Page 87 of Boarded Hearts

Me

Ask them to make sure you get back to the hotel okay. I don’t know when I’ll be back.

I repocket my phone and head back outside to join Coach.

“Any word?” Jensen comes to sit next to me; it’s been hours since we last saw the neurosurgeon and still no update.

“Nope,” I reply, disinterested in conversation but I do note the absence of Amie. We haven’t heard from her at all and have no idea where she is. In love with Zach? Give me a break.If anything happened to Felicity, I’d be glued to her bedside from the minute she arrived.

“My parents made sure Felicity got back to the hotel okay.”

I nod, bending down to face the floor, my forearms resting on my knees. “Thanks.”

“She’s worried about you, man; says she’s barely heard from you since you tore out of the stadium.”

“I’m worried about my best friend. She’ll understand I’ve got to prioritize him.”

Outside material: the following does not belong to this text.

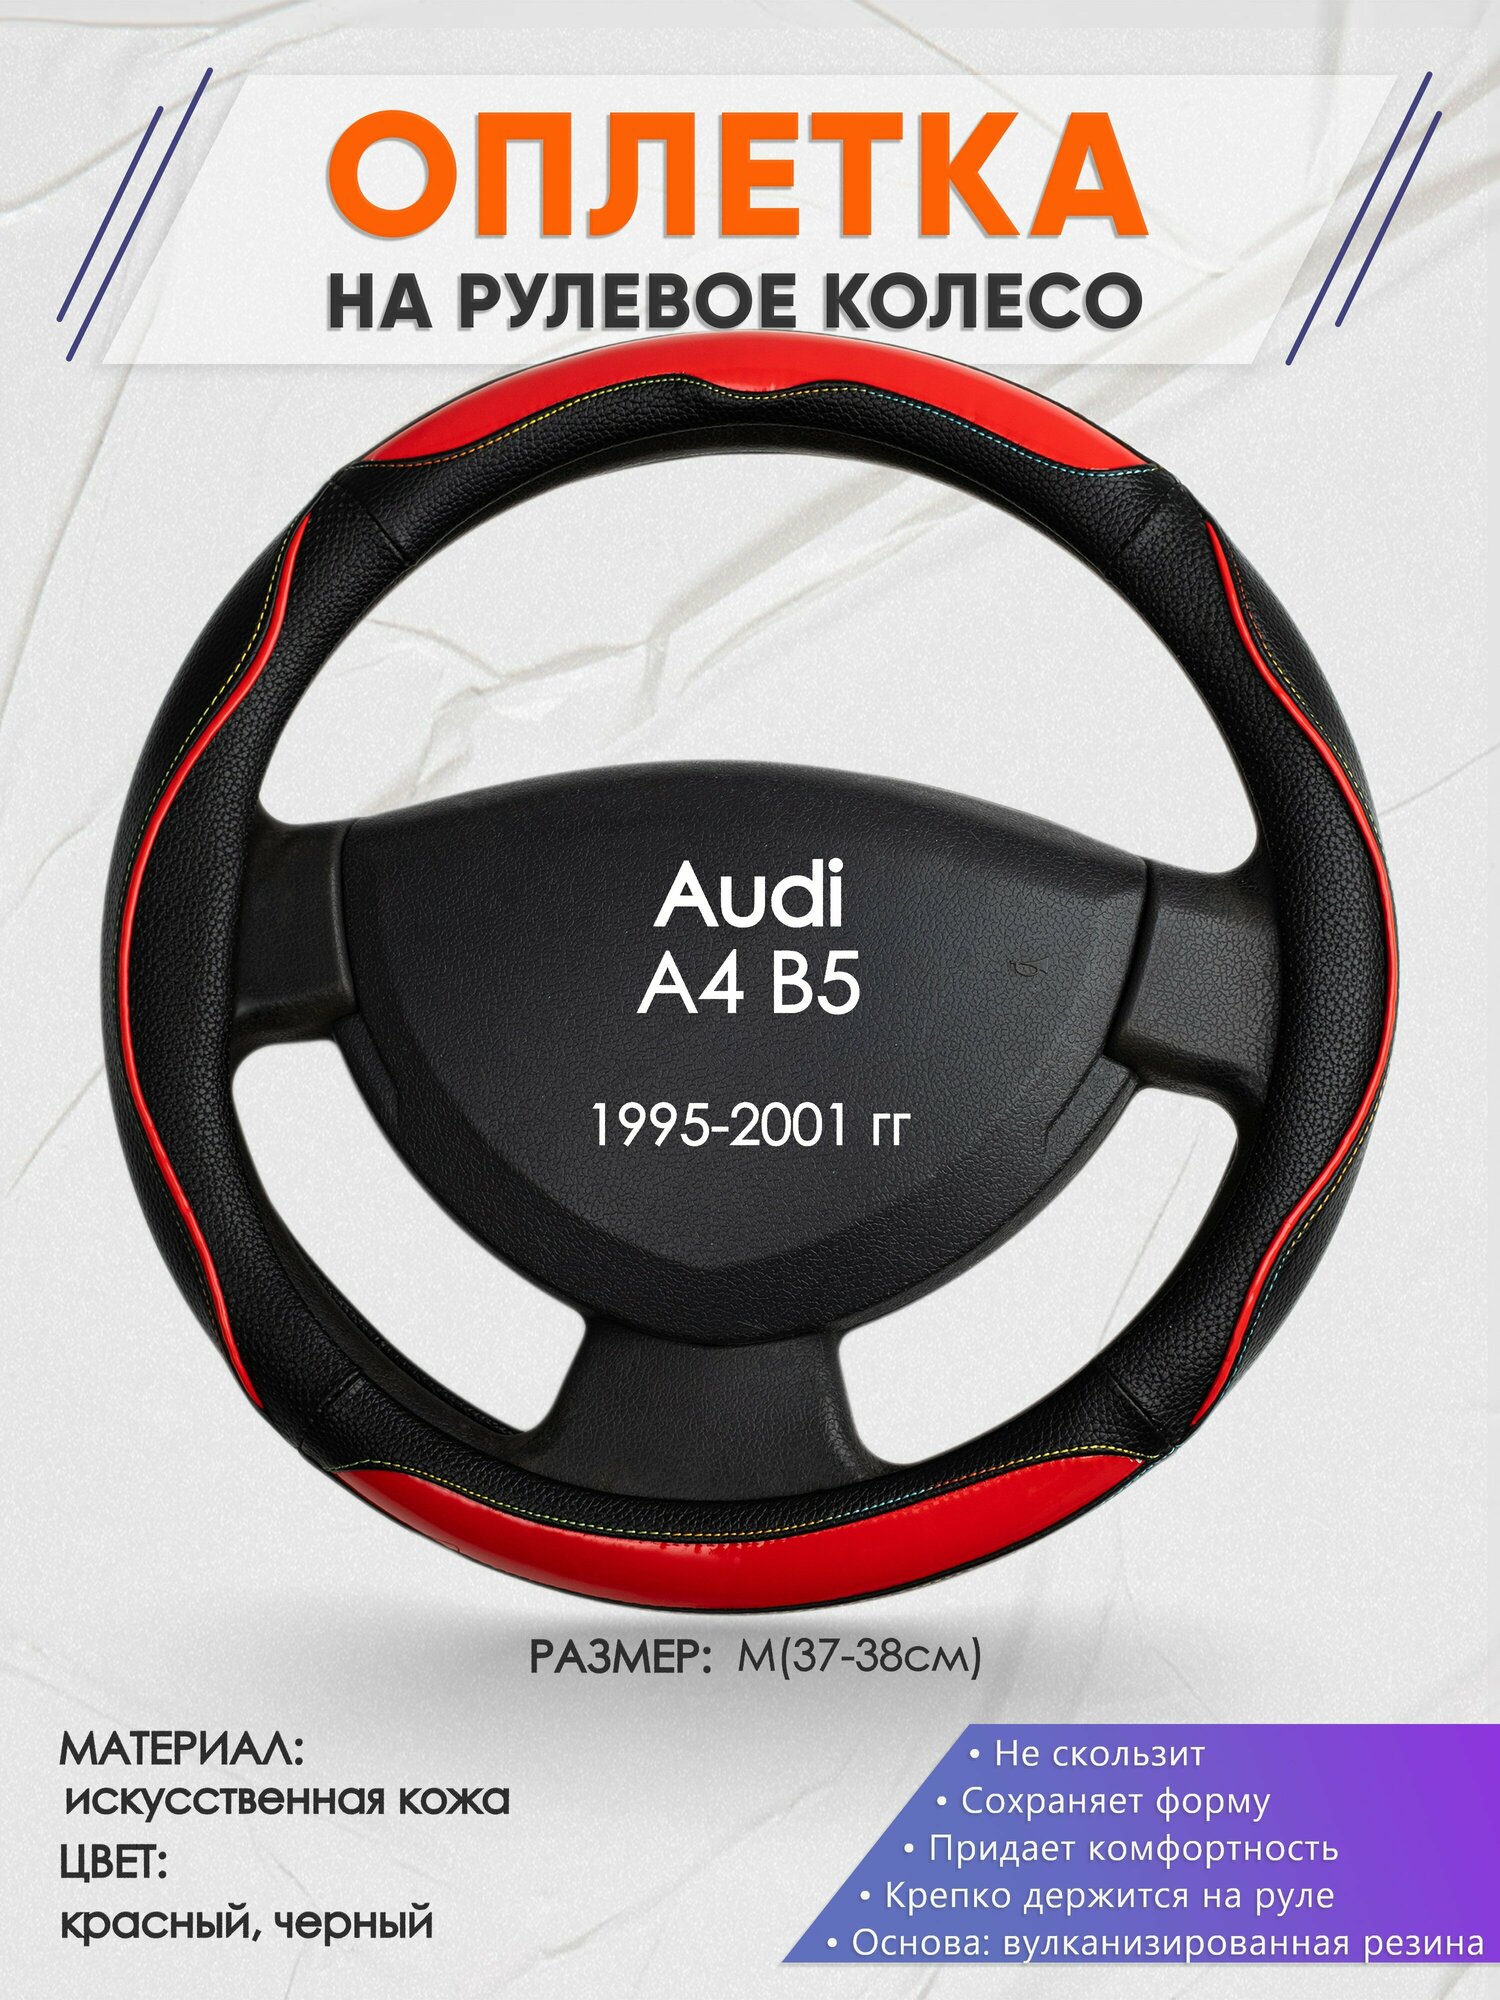 Оплетка на руль для Audi A4 B5(Ауди А4 б5) 1995-2001 M(37-38см) Искусственная кожа 10

“Yeah, that’s understandable, buddy, but at least text her back.”

“I fucking did!” I snap.I’ve barely made contact because my headspace is so fucked up right now, in this state, I’m enough to drive anyone away. I just need to be on my own.

“Barely.”

“You know what, Jensen, if you haven’t got anything useful to add then fuck off. I’m not in the mood.”

“Don’t do this, Jon.” He’s witnessed me at my worst, and I know he can sense what’s coming, the road I’m on. I can too. I know my behavior is erratic and my emotions are spiraling, but I’m powerless to stop it. With every passing minute, I feel my grip on rational thought slipping and the voice telling me I’m not enough getting louder. The temptation to give in and let it pull me under is getting stronger.

I don’t reply. I just sit back and put my hood up, blocking everyone around me out while we wait for someone, any fucking one at this stage, to tell me if my friend will walk again.

FELICITY

I lie in our hotel room, staring absentmindedly at the episode of Friends I have on the TV.

I know something is very wrong with Jon. Aside from the fact his best friend is lying in a hospital bed and we’re uncertain what spinal damage he’s sustained, the look in his eyes when he left the rink scares me, like something inside him had died. His only text reply to me tonight was cold at best and while I totally get this is hard for him, I can’t help the gnawing concern that this is all to do with a decline in Jon’s mental health. His lack of self-esteem leads to anxiety and possibly depression. I know little about his medical history other than he has been seeing his therapist, Ben, long-term but seeing him tonight tells me he’s in a dark place.

I pull up my phone again, desperate to know what’s going on, and thankfully Jensen gave me his number earlier. I get the feeling he’s not just concerned over Zach’s well-being, too.

Me

What’s happening? I’m going out of my mind here.

Three dots appear quickly, and a reply comes through.

Jensen

He hasn’t told you?

I haven’t heard a thing. He’s gone dark on me.

For fuck’s sake. It’s good news. It's a spinal concussion. Docs hope the feeling in Zach’s legs and arms will return in a few days. He has a broken tibia, two broken ribs, a broken jaw, and he needed stitches to his eyebrow, cheek, and lip due to the impact with the boards.

I don’t know what to feel. There’s relief that Zach’s spine isn’t seriously injured, but he’s looking at a long time out of the game. At least the rest of the season, even I can tell that.

Schneider has a broken jaw, broken nose, three missing teeth (courtesy of me), and a concussion.

I hope they throw the book at him.

We’ll have to wait to hear an official ruling, but he’s looking at a twenty-five-game suspension and a heavy fine. With a pre-meditated hit like that, he should never play again. He could’ve fucking killed him.